____ Exercise data

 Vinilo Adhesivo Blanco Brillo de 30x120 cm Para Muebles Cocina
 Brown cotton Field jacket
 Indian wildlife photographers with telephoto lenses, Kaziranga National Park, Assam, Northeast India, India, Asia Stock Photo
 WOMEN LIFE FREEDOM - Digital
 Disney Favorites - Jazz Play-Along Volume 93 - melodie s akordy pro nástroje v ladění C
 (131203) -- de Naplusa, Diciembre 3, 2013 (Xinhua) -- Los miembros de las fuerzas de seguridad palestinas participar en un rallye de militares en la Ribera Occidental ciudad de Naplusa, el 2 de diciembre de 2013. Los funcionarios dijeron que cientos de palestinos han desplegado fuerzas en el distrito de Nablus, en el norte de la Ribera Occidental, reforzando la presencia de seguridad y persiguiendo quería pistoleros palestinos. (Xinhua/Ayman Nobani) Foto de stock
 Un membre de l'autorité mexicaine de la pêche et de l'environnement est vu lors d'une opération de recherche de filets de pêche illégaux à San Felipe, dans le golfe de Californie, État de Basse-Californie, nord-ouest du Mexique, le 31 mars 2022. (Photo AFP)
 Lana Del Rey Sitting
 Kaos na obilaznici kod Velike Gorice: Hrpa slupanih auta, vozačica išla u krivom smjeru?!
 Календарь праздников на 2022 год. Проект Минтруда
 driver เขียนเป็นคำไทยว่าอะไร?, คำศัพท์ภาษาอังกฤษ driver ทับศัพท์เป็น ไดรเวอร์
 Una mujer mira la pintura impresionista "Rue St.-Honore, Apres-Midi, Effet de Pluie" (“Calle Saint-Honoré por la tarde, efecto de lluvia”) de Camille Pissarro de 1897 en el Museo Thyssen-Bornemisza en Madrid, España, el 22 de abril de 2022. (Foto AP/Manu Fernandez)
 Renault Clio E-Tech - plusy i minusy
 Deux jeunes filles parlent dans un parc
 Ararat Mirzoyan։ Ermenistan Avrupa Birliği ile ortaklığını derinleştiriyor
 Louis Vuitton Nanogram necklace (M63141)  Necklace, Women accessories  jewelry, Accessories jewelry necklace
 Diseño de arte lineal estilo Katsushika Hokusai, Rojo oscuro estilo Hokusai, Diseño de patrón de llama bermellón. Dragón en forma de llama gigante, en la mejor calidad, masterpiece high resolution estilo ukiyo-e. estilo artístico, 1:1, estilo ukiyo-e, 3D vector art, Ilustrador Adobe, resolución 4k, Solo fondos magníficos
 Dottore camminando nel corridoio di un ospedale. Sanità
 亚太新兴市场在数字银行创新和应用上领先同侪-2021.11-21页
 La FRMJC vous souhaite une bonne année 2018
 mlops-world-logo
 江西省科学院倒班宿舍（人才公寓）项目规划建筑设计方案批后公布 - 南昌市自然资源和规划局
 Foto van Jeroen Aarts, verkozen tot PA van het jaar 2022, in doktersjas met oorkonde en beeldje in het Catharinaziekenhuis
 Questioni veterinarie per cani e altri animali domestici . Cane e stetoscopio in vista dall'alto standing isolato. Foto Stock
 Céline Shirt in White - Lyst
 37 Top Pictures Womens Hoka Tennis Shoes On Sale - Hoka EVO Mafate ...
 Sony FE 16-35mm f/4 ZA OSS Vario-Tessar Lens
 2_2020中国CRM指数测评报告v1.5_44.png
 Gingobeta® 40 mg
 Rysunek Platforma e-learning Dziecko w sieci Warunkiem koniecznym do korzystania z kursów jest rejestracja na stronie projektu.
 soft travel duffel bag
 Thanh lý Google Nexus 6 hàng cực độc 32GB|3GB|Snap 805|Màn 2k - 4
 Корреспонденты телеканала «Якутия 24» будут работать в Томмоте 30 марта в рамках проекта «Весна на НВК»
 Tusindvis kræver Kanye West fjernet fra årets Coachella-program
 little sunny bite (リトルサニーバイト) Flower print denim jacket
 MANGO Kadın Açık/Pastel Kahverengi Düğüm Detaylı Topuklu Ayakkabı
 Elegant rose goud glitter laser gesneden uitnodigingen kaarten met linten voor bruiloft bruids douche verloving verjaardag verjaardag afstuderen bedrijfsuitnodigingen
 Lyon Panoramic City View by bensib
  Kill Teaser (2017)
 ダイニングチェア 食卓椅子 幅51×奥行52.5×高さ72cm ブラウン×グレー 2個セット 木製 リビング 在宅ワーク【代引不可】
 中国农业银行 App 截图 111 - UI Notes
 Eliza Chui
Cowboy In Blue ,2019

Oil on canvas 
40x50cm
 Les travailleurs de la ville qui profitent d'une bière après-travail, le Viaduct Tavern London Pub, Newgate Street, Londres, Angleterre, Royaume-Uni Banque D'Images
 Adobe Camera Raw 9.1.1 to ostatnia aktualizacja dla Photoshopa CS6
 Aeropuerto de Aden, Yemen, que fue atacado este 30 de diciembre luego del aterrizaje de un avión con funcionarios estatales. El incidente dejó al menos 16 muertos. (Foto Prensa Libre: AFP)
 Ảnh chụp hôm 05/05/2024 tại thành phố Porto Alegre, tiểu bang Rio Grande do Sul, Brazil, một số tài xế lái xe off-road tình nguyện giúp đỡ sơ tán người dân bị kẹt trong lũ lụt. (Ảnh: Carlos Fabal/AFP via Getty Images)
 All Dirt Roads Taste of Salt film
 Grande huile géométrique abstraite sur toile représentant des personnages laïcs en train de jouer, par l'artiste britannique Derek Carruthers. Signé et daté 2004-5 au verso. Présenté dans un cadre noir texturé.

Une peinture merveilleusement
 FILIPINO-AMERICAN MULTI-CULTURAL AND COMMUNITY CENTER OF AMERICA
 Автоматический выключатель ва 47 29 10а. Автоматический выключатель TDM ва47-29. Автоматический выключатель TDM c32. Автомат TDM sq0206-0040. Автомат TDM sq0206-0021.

________

Here the job is to output the lines from the start of the material through the line with "Louis Vuitton Nanogram", inclusive, exactly and with nothing else.

 Vinilo Adhesivo Blanco Brillo de 30x120 cm Para Muebles Cocina
 Brown cotton Field jacket
 Indian wildlife photographers with telephoto lenses, Kaziranga National Park, Assam, Northeast India, India, Asia Stock Photo
 WOMEN LIFE FREEDOM - Digital
 Disney Favorites - Jazz Play-Along Volume 93 - melodie s akordy pro nástroje v ladění C
 (131203) -- de Naplusa, Diciembre 3, 2013 (Xinhua) -- Los miembros de las fuerzas de seguridad palestinas participar en un rallye de militares en la Ribera Occidental ciudad de Naplusa, el 2 de diciembre de 2013. Los funcionarios dijeron que cientos de palestinos han desplegado fuerzas en el distrito de Nablus, en el norte de la Ribera Occidental, reforzando la presencia de seguridad y persiguiendo quería pistoleros palestinos. (Xinhua/Ayman Nobani) Foto de stock
 Un membre de l'autorité mexicaine de la pêche et de l'environnement est vu lors d'une opération de recherche de filets de pêche illégaux à San Felipe, dans le golfe de Californie, État de Basse-Californie, nord-ouest du Mexique, le 31 mars 2022. (Photo AFP)
 Lana Del Rey Sitting
 Kaos na obilaznici kod Velike Gorice: Hrpa slupanih auta, vozačica išla u krivom smjeru?!
 Календарь праздников на 2022 год. Проект Минтруда
 driver เขียนเป็นคำไทยว่าอะไร?, คำศัพท์ภาษาอังกฤษ driver ทับศัพท์เป็น ไดรเวอร์
 Una mujer mira la pintura impresionista "Rue St.-Honore, Apres-Midi, Effet de Pluie" (“Calle Saint-Honoré por la tarde, efecto de lluvia”) de Camille Pissarro de 1897 en el Museo Thyssen-Bornemisza en Madrid, España, el 22 de abril de 2022. (Foto AP/Manu Fernandez)
 Renault Clio E-Tech - plusy i minusy
 Deux jeunes filles parlent dans un parc
 Ararat Mirzoyan։ Ermenistan Avrupa Birliği ile ortaklığını derinleştiriyor
 Louis Vuitton Nanogram necklace (M63141)  Necklace, Women accessories  jewelry, Accessories jewelry necklace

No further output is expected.